In April, NASA announced that their Cassini probe had taken a sample from a water plume bursting from a crack in Enceladus' ice surface. The plume contained signs of organic life, such as liquid hydrogen, carbon dioxide and methane. Although they weren't certain, NASA announced that they believed it possible for simple life to live on the ocean floor of Enceladus, eating methane that emits from thermal vents.
Cassini doesn't have enough fuel to make another sojourn to Enceladus, but if NASA sends a second probe to take a sample from one of the moon's water jets, they want to be able to confirm whether or not there were microbes in the sample.
Any such plan would face numerous obstacles.

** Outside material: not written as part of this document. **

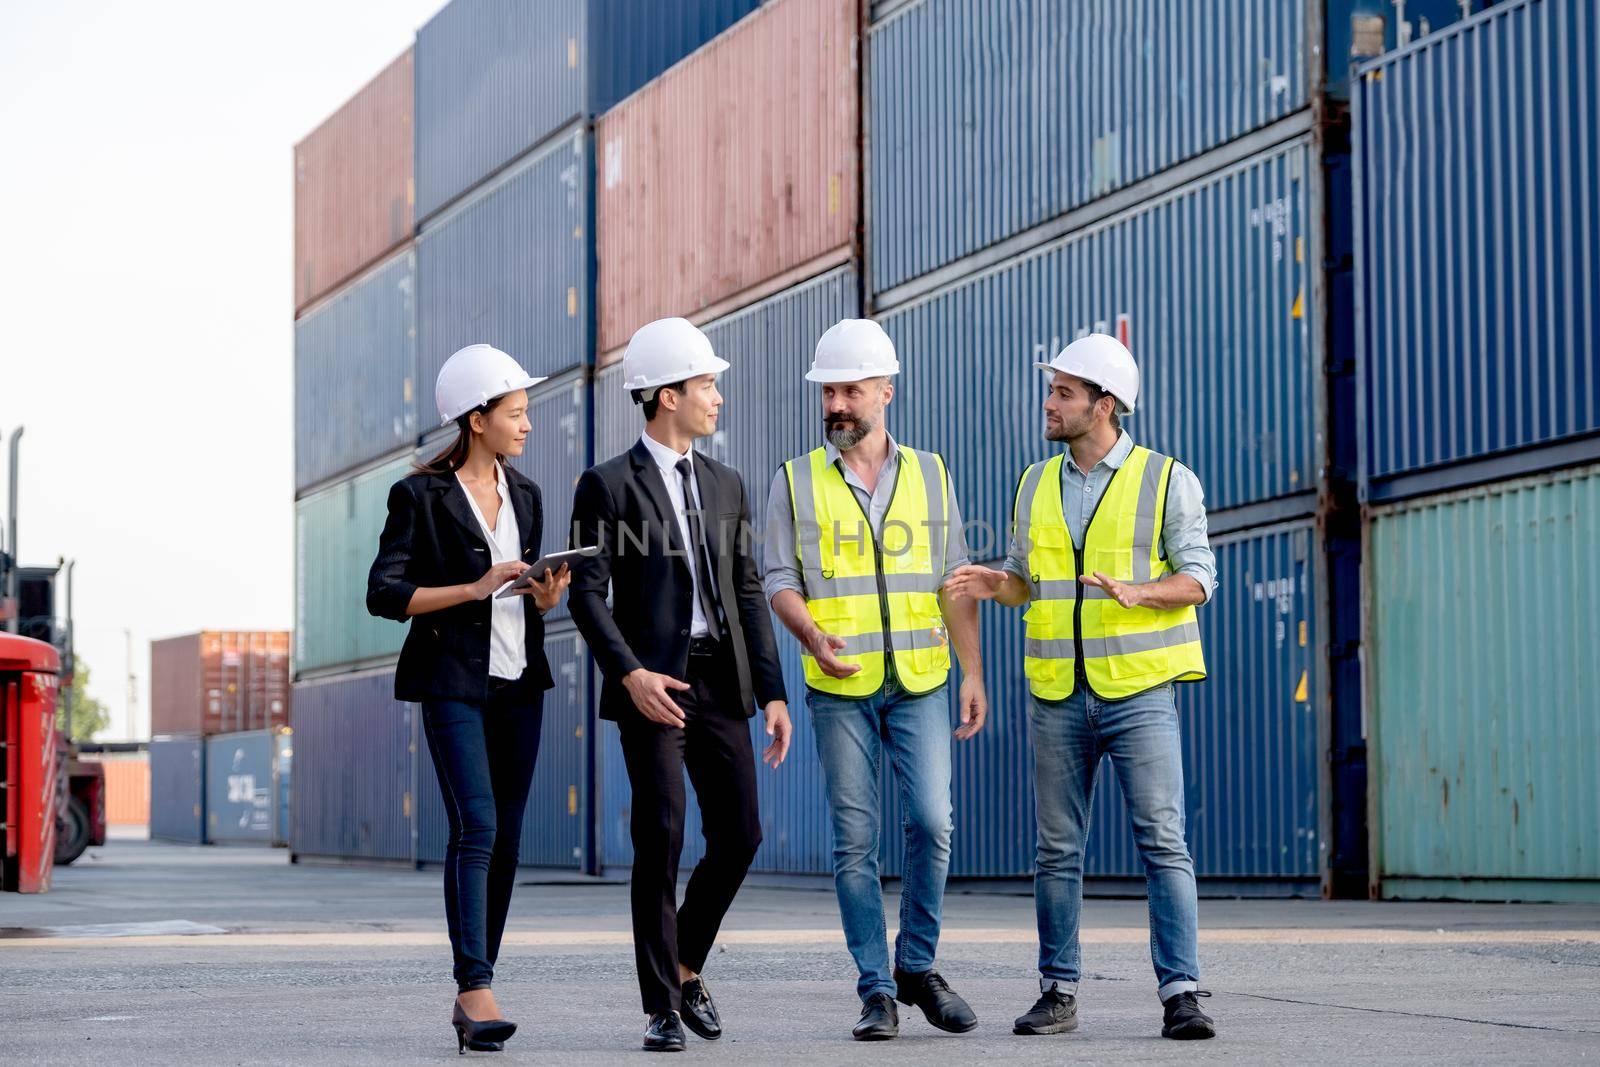 Group of cargo container workers or factory and engineer technicians walk and discuss together in workplace area. Concept of good teamwork support best success work of industrial business. by nrradmin

The microbes could be destroyed during their journey up, or in the probe's collection process. But worst of all, it may be much more difficult than expected to identify the microbes as living things.

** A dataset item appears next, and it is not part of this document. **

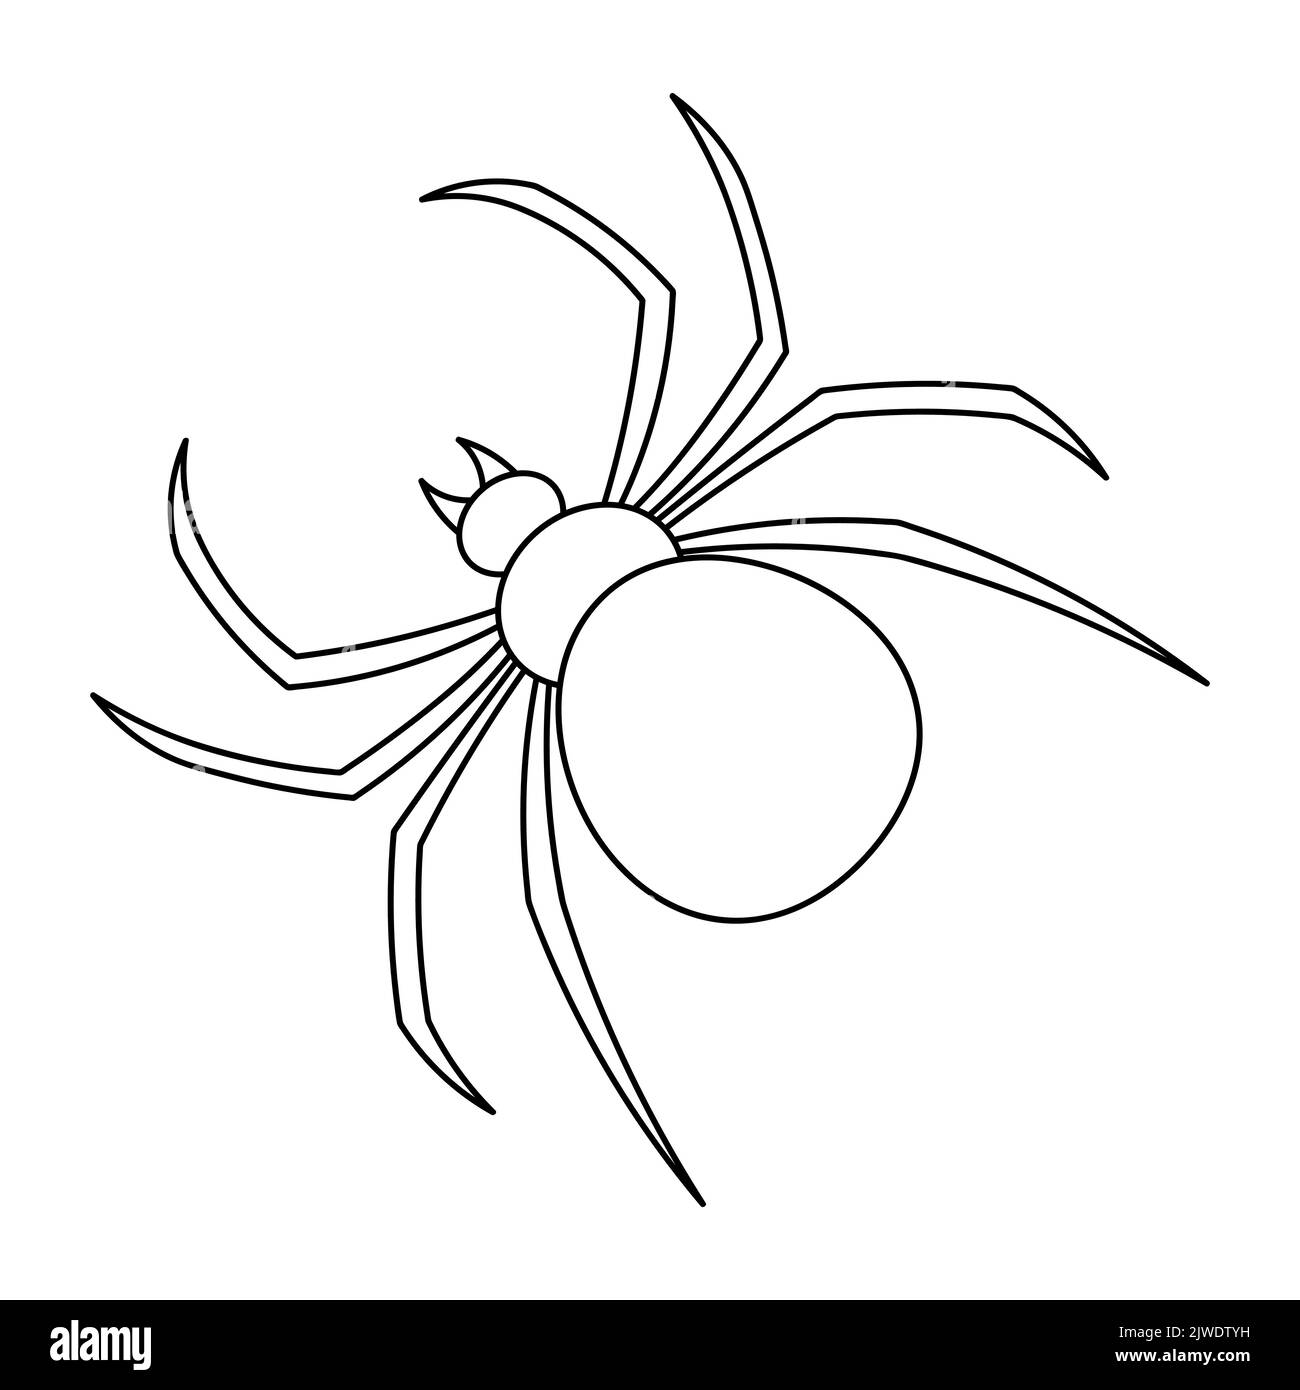 Spider.  Sketch. Bloodthirsty predator. Black Widow. Halloween symbol. A clever hunter. Vector illustration. Outline on an isolated white background. Stock Vector

"It's harder to distinguish between a microbe and a speck of dust than you'd think," said Jay Nadeau, research professor of medical engineering and aerospace in the Division of Engineering and Applied Science at Caltech, to phys.org. "The hardest thing about bacteria is that they just don't have a lot of cellular features. Sometimes telling the difference between them and sand grains is very difficult."

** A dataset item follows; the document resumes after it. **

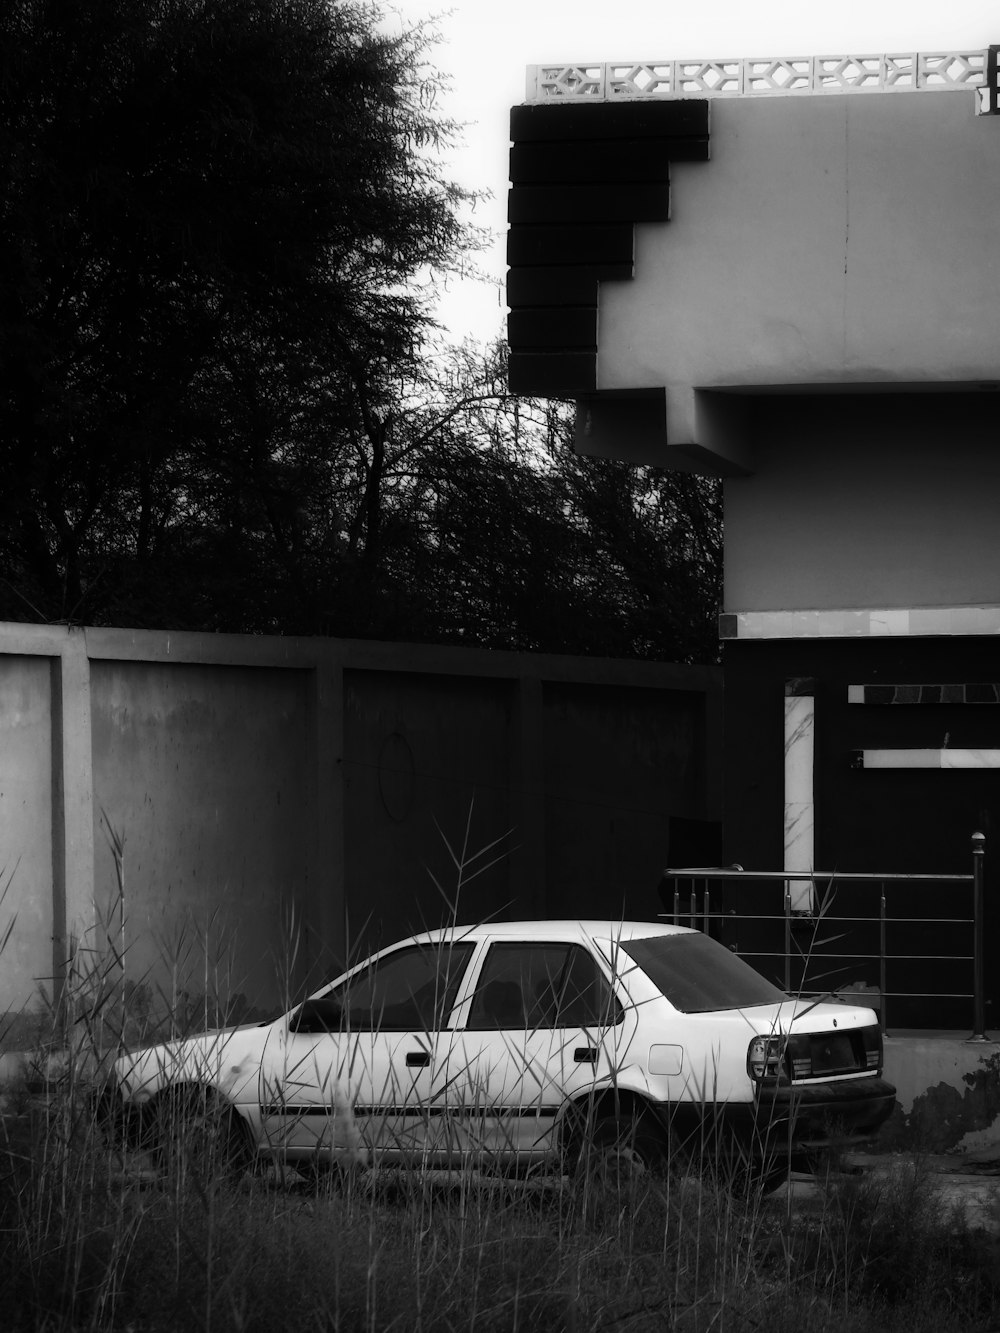 a white car parked in front of a building

"You have to differentiate between Brownian motion, which is the random motion of matter, and the intentional, self-directed motion of a living organism." Nadeau explained that the movements of simple organisms can give them unique biosignatures that would allow scientists to identify them as living things instead of more traditional methods such as chemical tests.
Thus, Nadeau's paper proposes the use of a device called a digital holographic microscope. The device uses a laser to bounce light off an object, and then it examines the light that is returned. By studying the scattering and phase of the light sample, the microscope can then reconstruct a 3D version of the image.
"Digital holographic microscopy allows you to see and track even the tiniest of motions," Nadeau said. She added that the device can also interact with fluorescent dyes that only bind with specific life indicators (such as lipids, nucleic acids, proteins or sugars). This can tell the scientist "what the microbes are made of."
Enceladus is the ideal candidate to perfect these techniques, Nadeau says. It is relatively close to Earth (on a cosmic scale, that is) and the water jets that periodically fly miles above the moon's surface mean that there's no need for a costly, finicky landing. Instead, a probe can simply pass through one of the jets and collect another sample, then use its digital holographic microscope to identify microbes.
Already, Nadeau and her team have tested the microscope on frigid, low-bacteria water samples collected from the Arctic Ocean. The microscope was able to identify the presence of life in a density of 1,000 cells per milliliter — one of the lowest microbe population densities one is likely to find on Earth. They intend to test it again, this time on water samples from Antarctica.
Nadeau says that her microscope is also fairly simple, with few moving parts, and can test samples with impressive speed (one milliliter per hour). These properties make it ideal for astrobiology.